Wilkerson noted a few prominent figures such as Eula Hall, Bessie Smith Gayheart, Bessie Cornette and Sudie Crusenberry, then outlined how they approached their activism. Overwhelmingly among activists in Appalachia, their platforms stemmed from their roles as caretakers and relied heavily on concepts of caring labor. Caring labor is the labor that has historically fallen to women: caring for children, the elderly, the sick, people with disabilities and so on.
It is important to note that this caring labor was deeply intertwined with their positions as working class women, so caring labor looked very little like the middle class, stay-at-home wife that is common in conceptions of what caretaking looks like.
Instead, these women’s care labor was tied up in their husbands’ work in mines.

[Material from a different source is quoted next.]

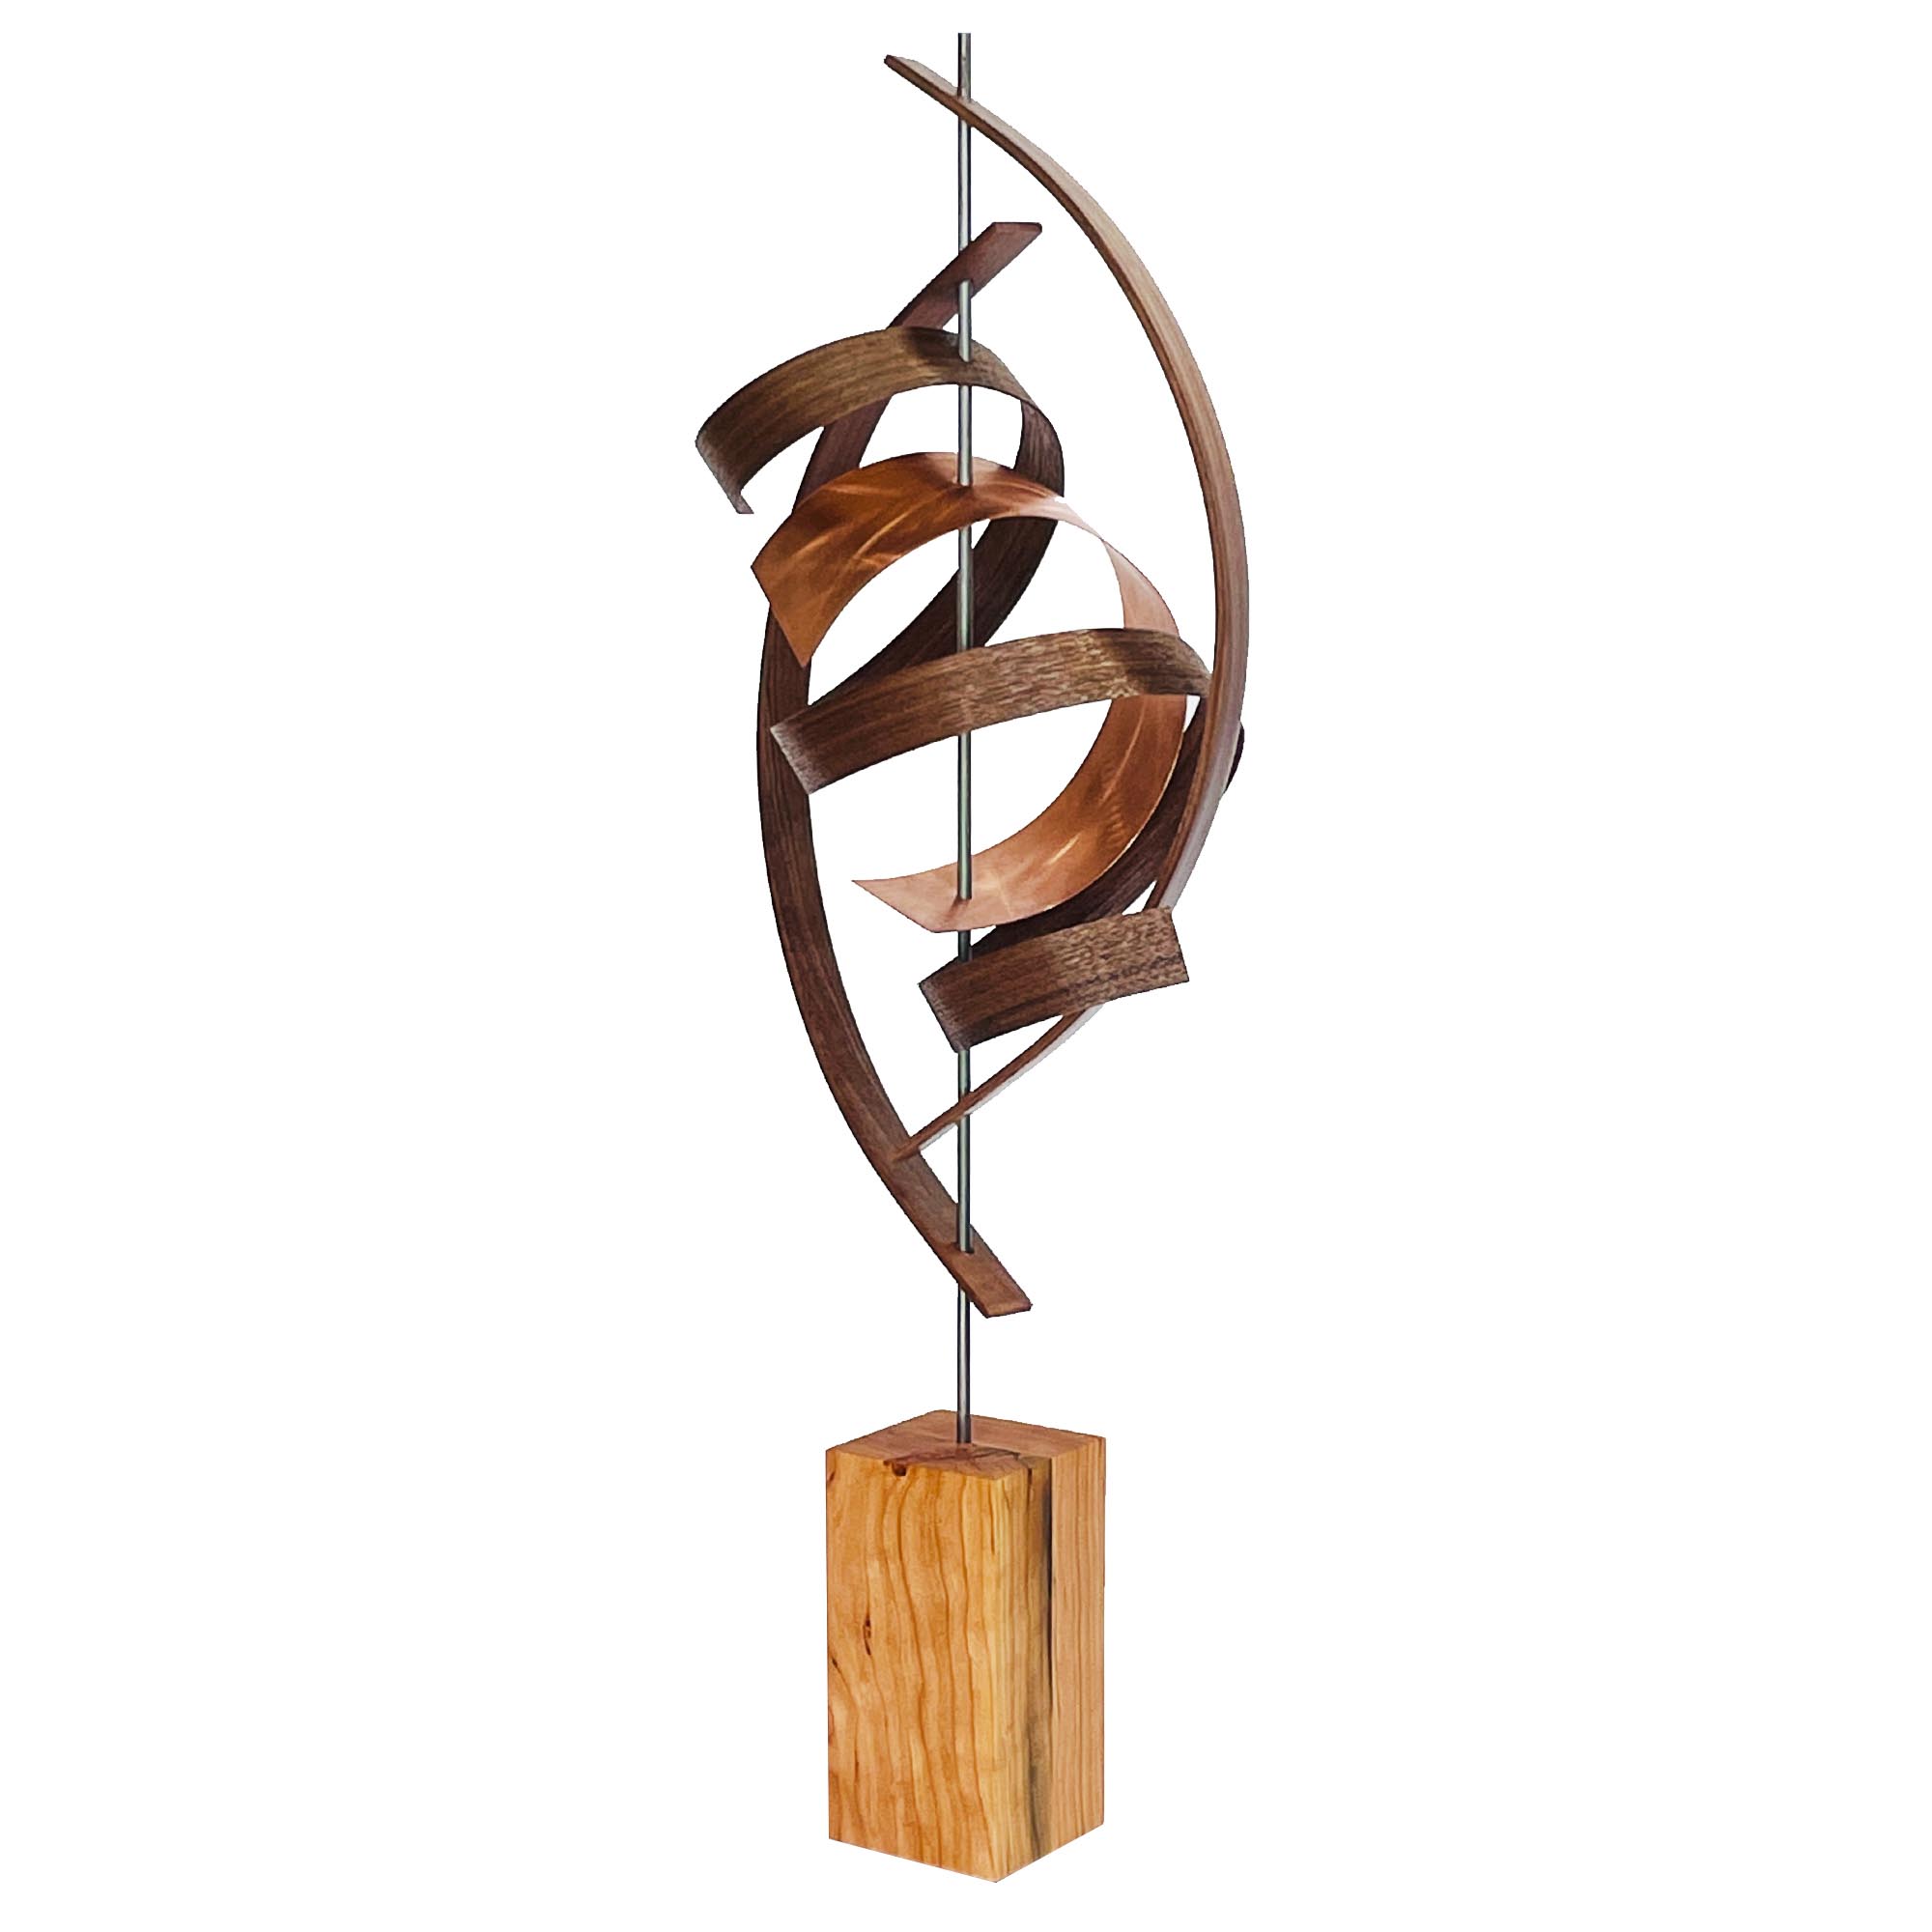 Sprung by Jackson Wright - Abstract Wood Sculpture, Kinetic Sculpture - Image 2
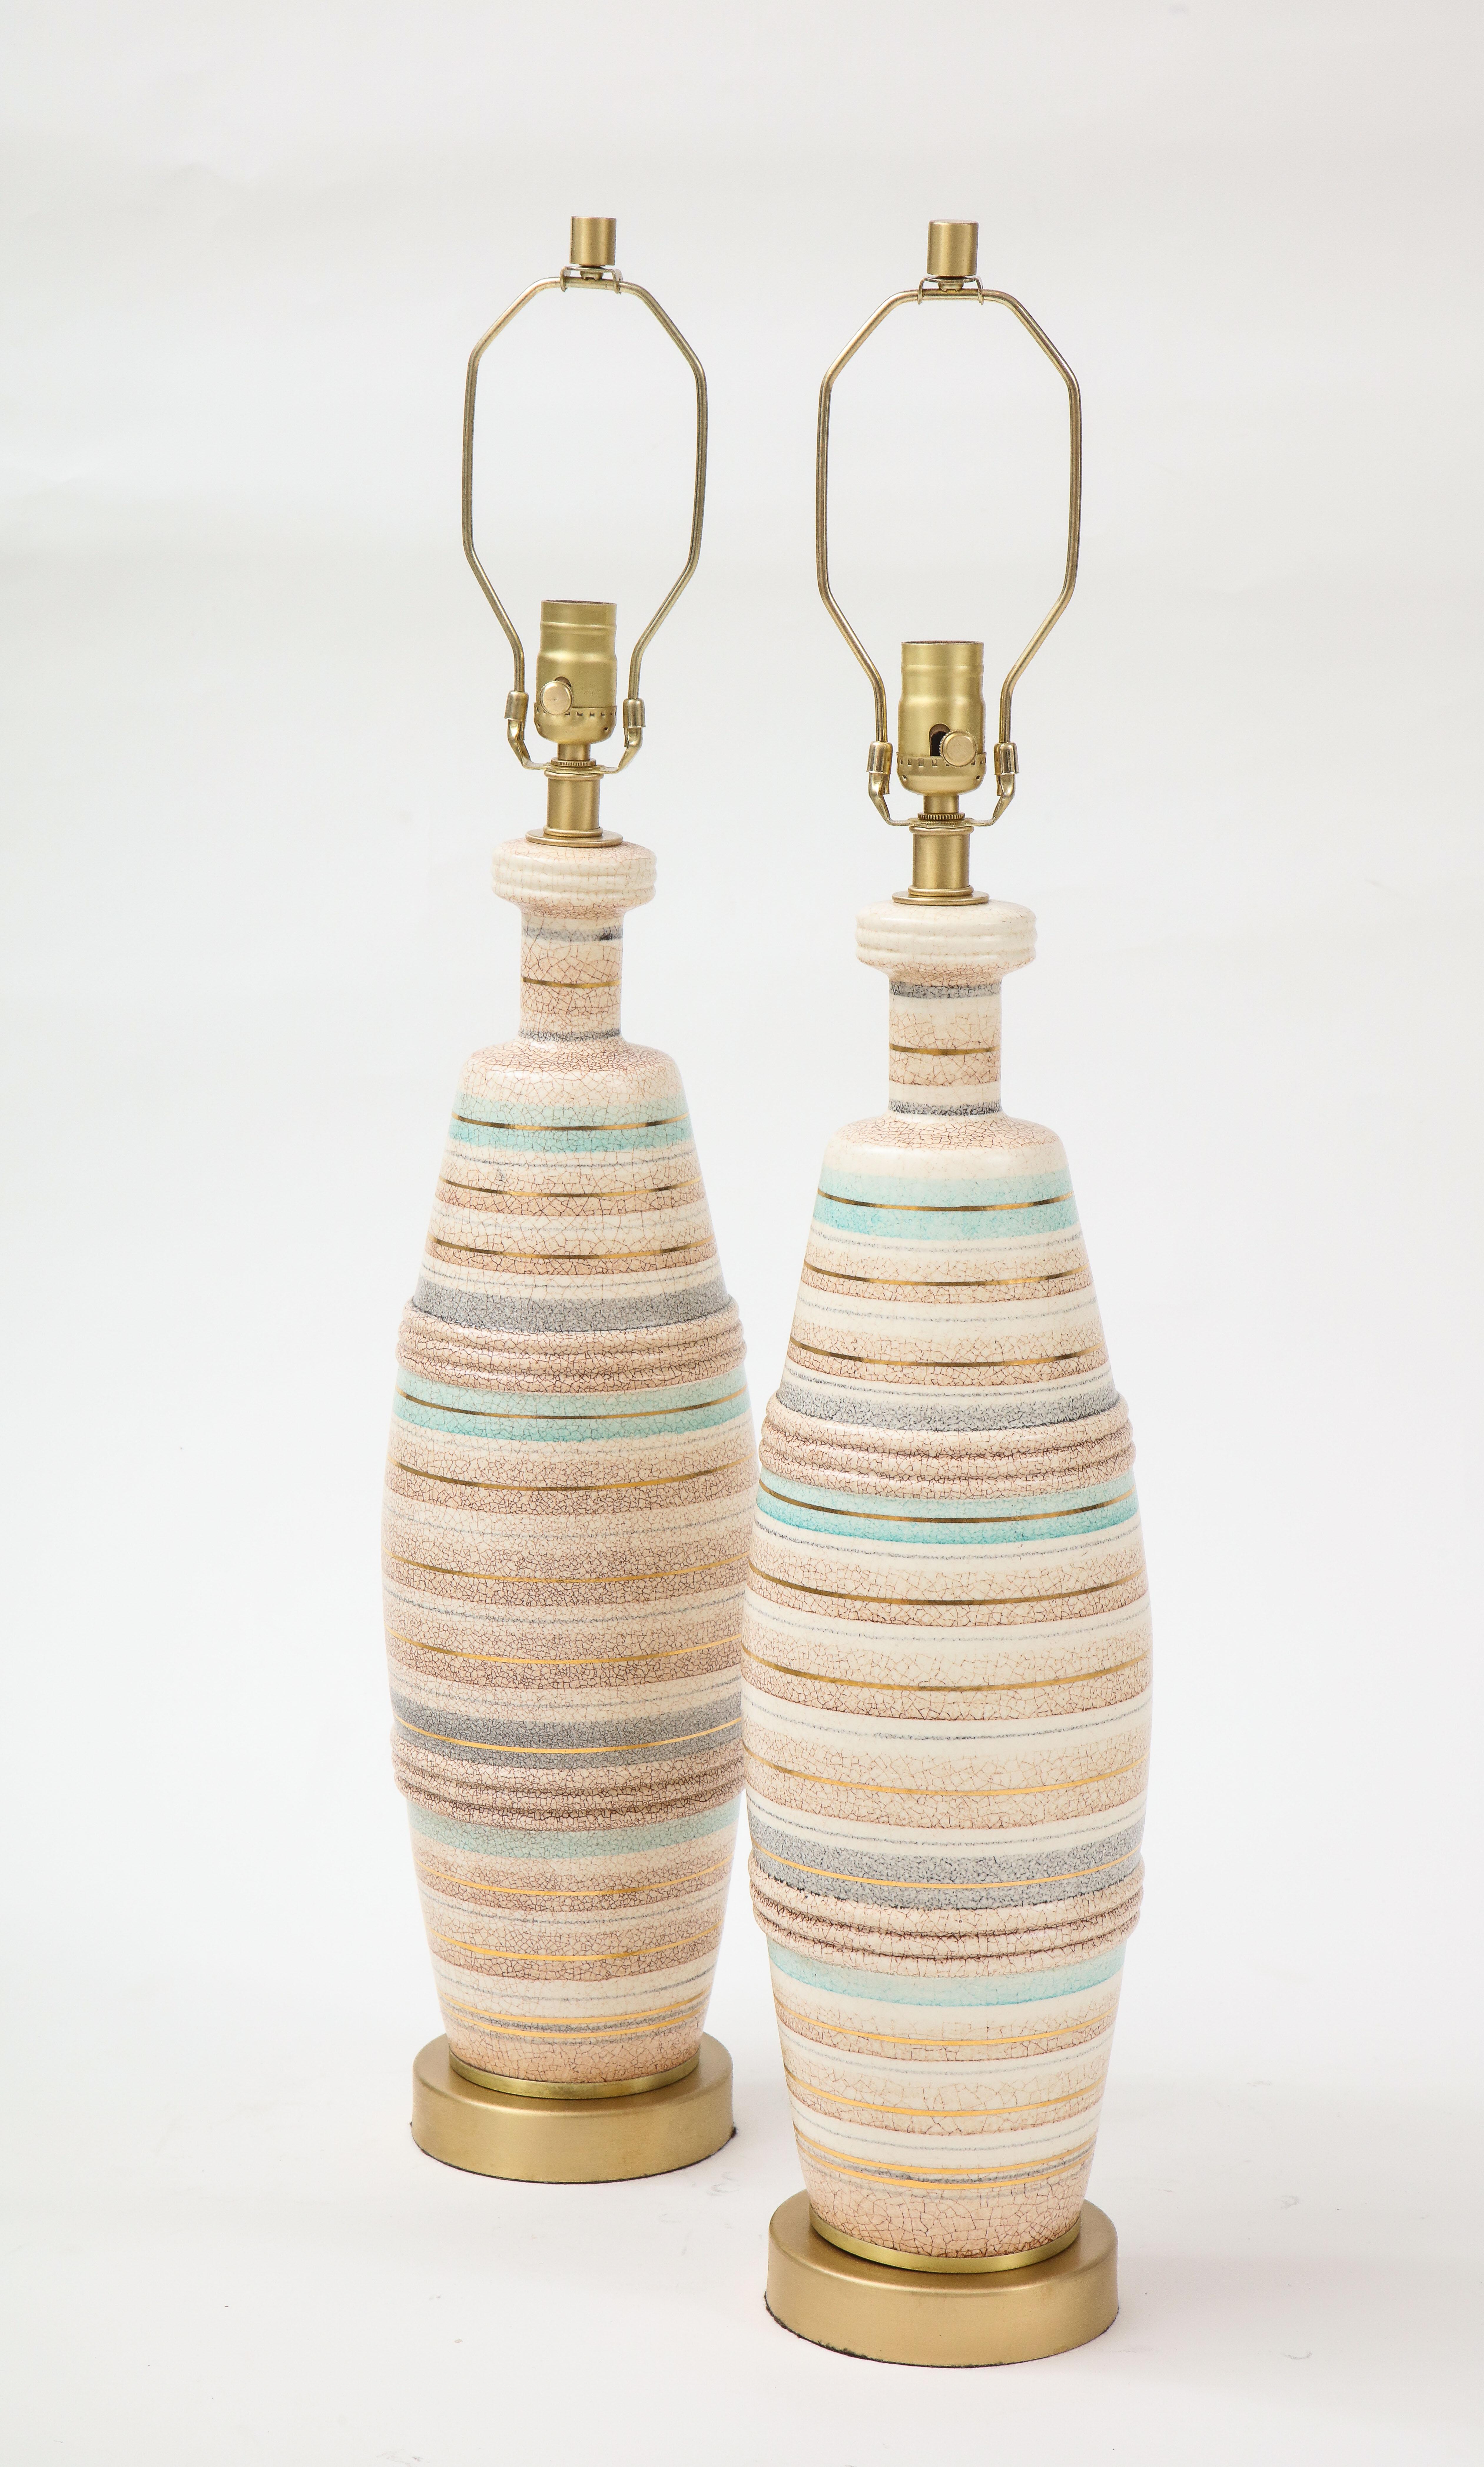 Exquisite pair of ceramic lamps featuring seaside colorful bands of tan, ivory, grey and ocean green accented with gold pinstripes, sitting on brushed brass bases. Rewired for use in USA, 100W max.

Mines are incredibly dangerous places to work, and at this time, black lung disease was common.
The feminism of Appalachian women was one centered around issues of labor and class, and their approaches mirrored that.
Wilkerson said, “Women articulated a politics of care built on an understanding of women’s caregiving.” Women joined the labor movement and called for unionizing the mines, because unionized mines would mean fewer husbands with black lung disease, which in turn meant the women’s jobs as caregivers would be easier.
It is because of this platform rooted in care labor that Appalachian feminism is often written off. Wilkerson noted that when she approaches Appalachian feminism, she doesn’t look at it through the lens of a certain ideology, but rather considers what their actions said about what was important to them. What they did, she noted, “was not always called women’s rights or feminism” but these women “saw the coal strike as much as a woman’s issue as a labor issue.”
Wilkerson read out quotes of women who actively claimed their efforts to be part of the larger liberation movement and noted that Appalachian women challenged a host of gender norms in the process of their protests. It was only once women showed up at the picket line that they began to wear pants instead of their traditional dresses.
Once the union struggle was won, women went on to demand allowance to work in the mines. Once they were allowed, they immediately began to change the workplace by speaking out for things like family leave policies. The family leave policy that they pushed for and eventually passed in 1996 is still the law that is in use today.
Many of the same women who were in the picket lines also went on to join a number of other causes, including setting up rural health clinics that are still in use to this day, currently in use to combat the opioid crisis. Many women also went on to join the fight against the rise of the KKK and were frequently harassed by KKK members.
Wilkerson projected a collage of photos of the women she highlighted: standing in picket lines and holding up billboards, photos of anti-capitalist song lyrics these women wrote as well as photos of the women in coal miner gear, working in the mines. Reinforced by the images on the screen, she ended the lecture by saying, “Appalachian activists stood at the nexus of 20th century activism.”